> YOUR GOAL: Only the pictures are dropped. Restate each line below word for word.

> INFORMATION PROVIDED:
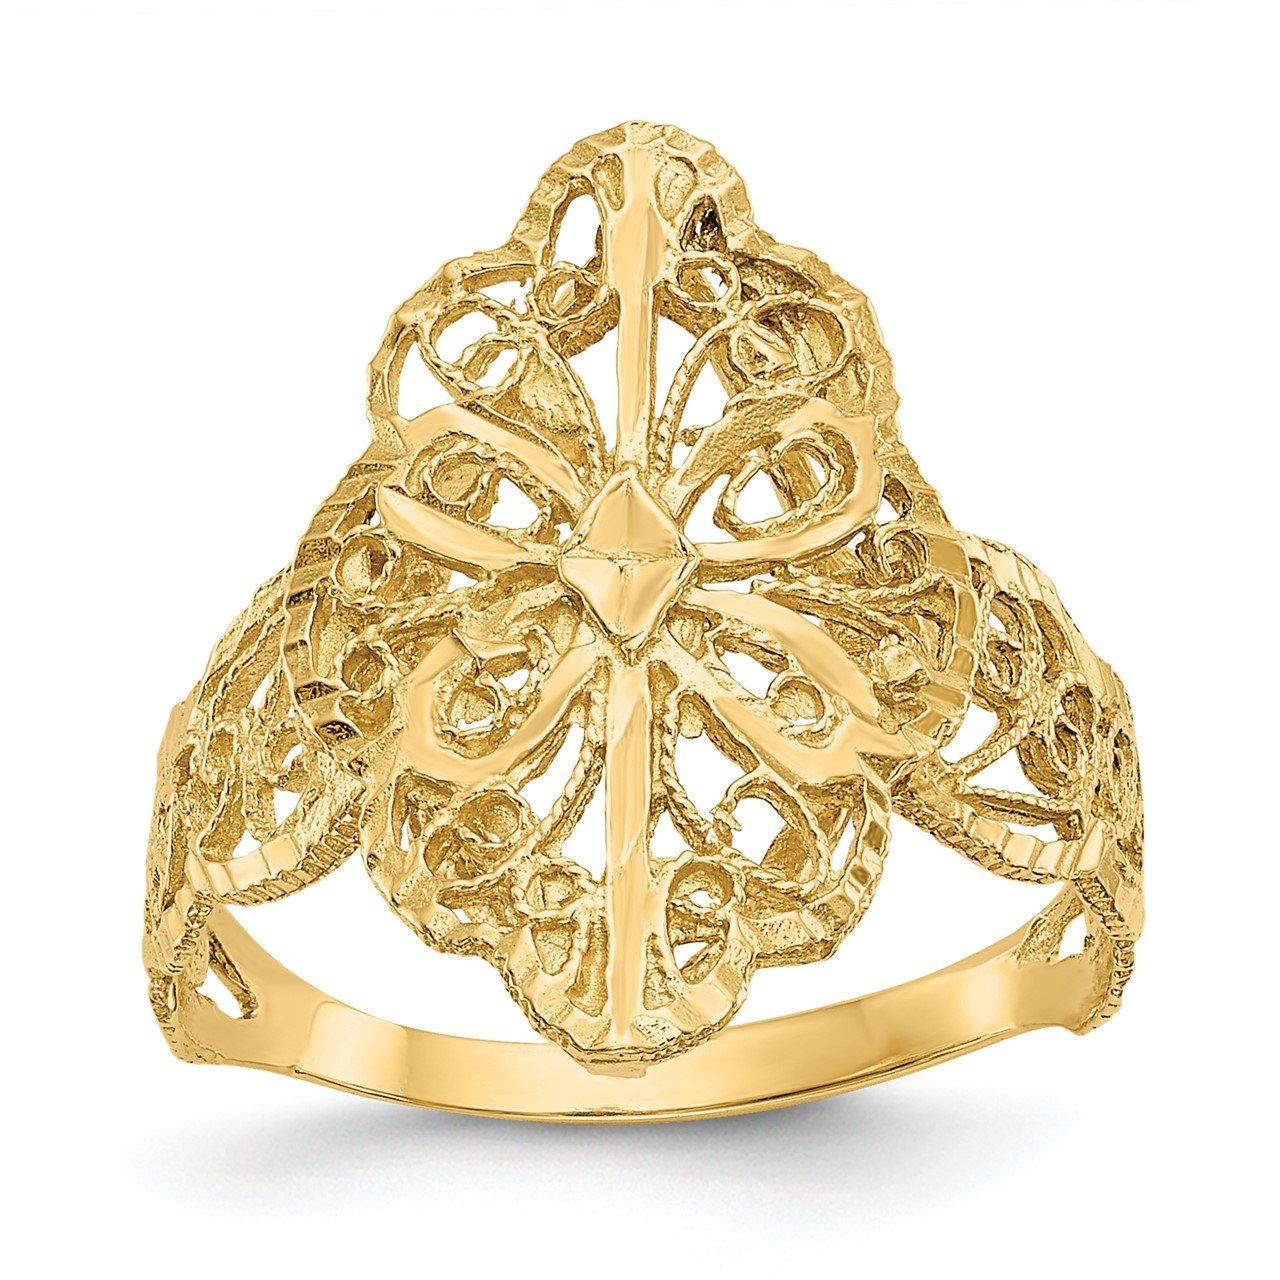 14K Diamond Cut Filigree Ring
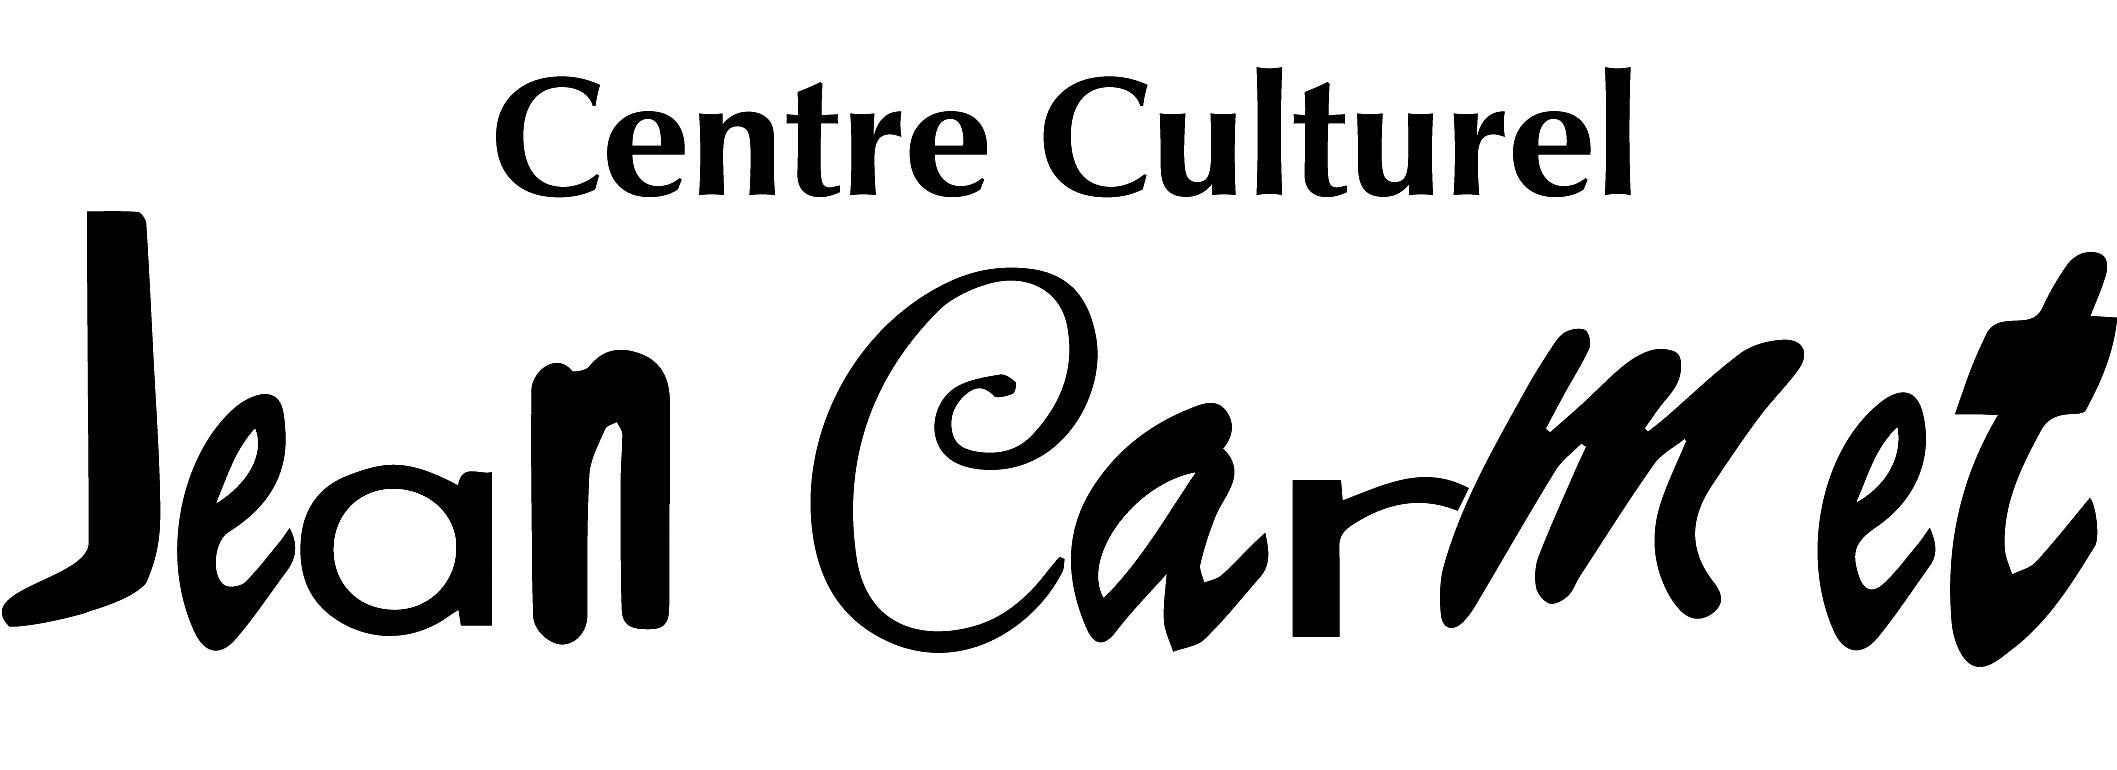 Lulla programmation Centre culturel Jean Carmet
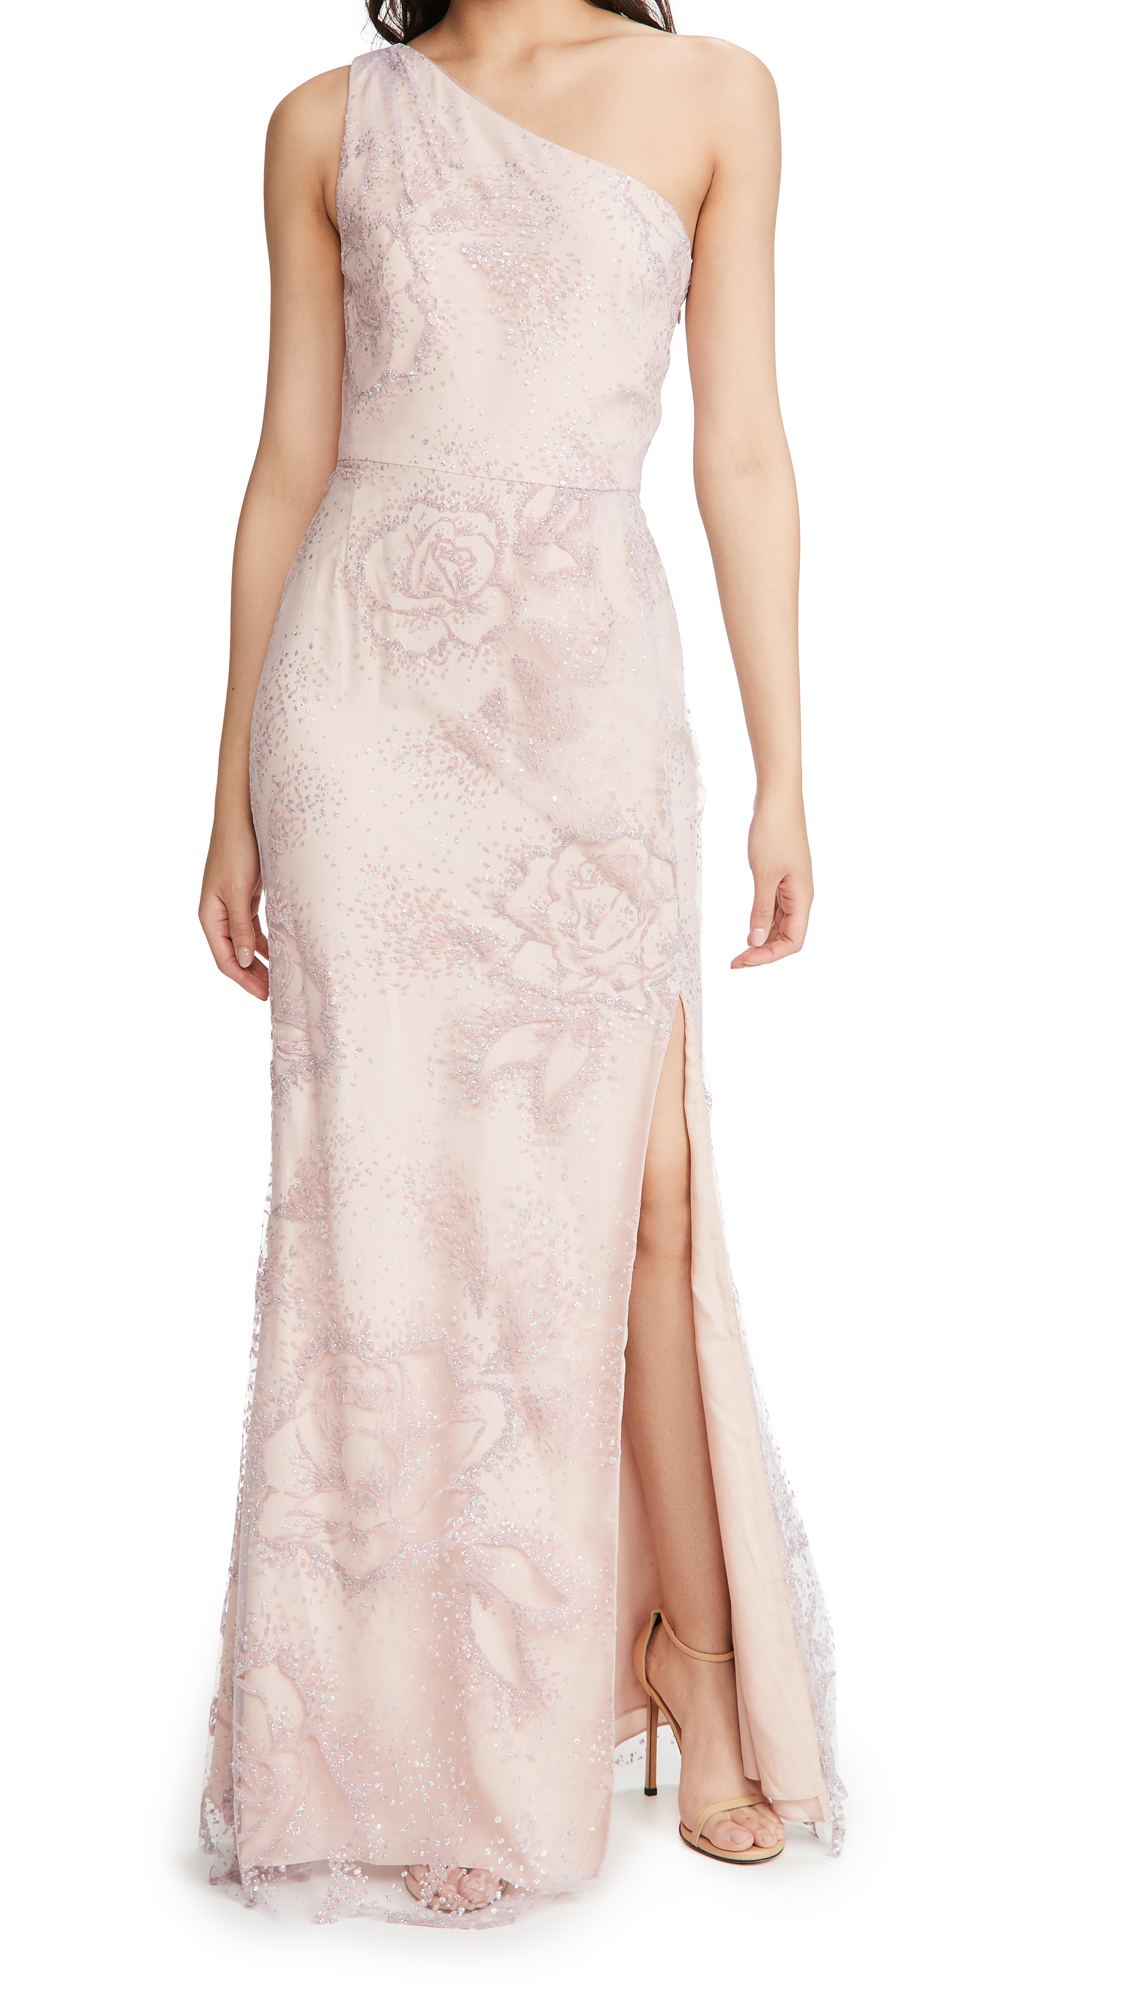 Marchesa Notte One Shoulder Flocked Glitter Tulle Gown

> SOLUTION:
 14K Diamond Cut Filigree Ring
 Lulla programmation Centre culturel Jean Carmet
 Marchesa Notte One Shoulder Flocked Glitter Tulle Gown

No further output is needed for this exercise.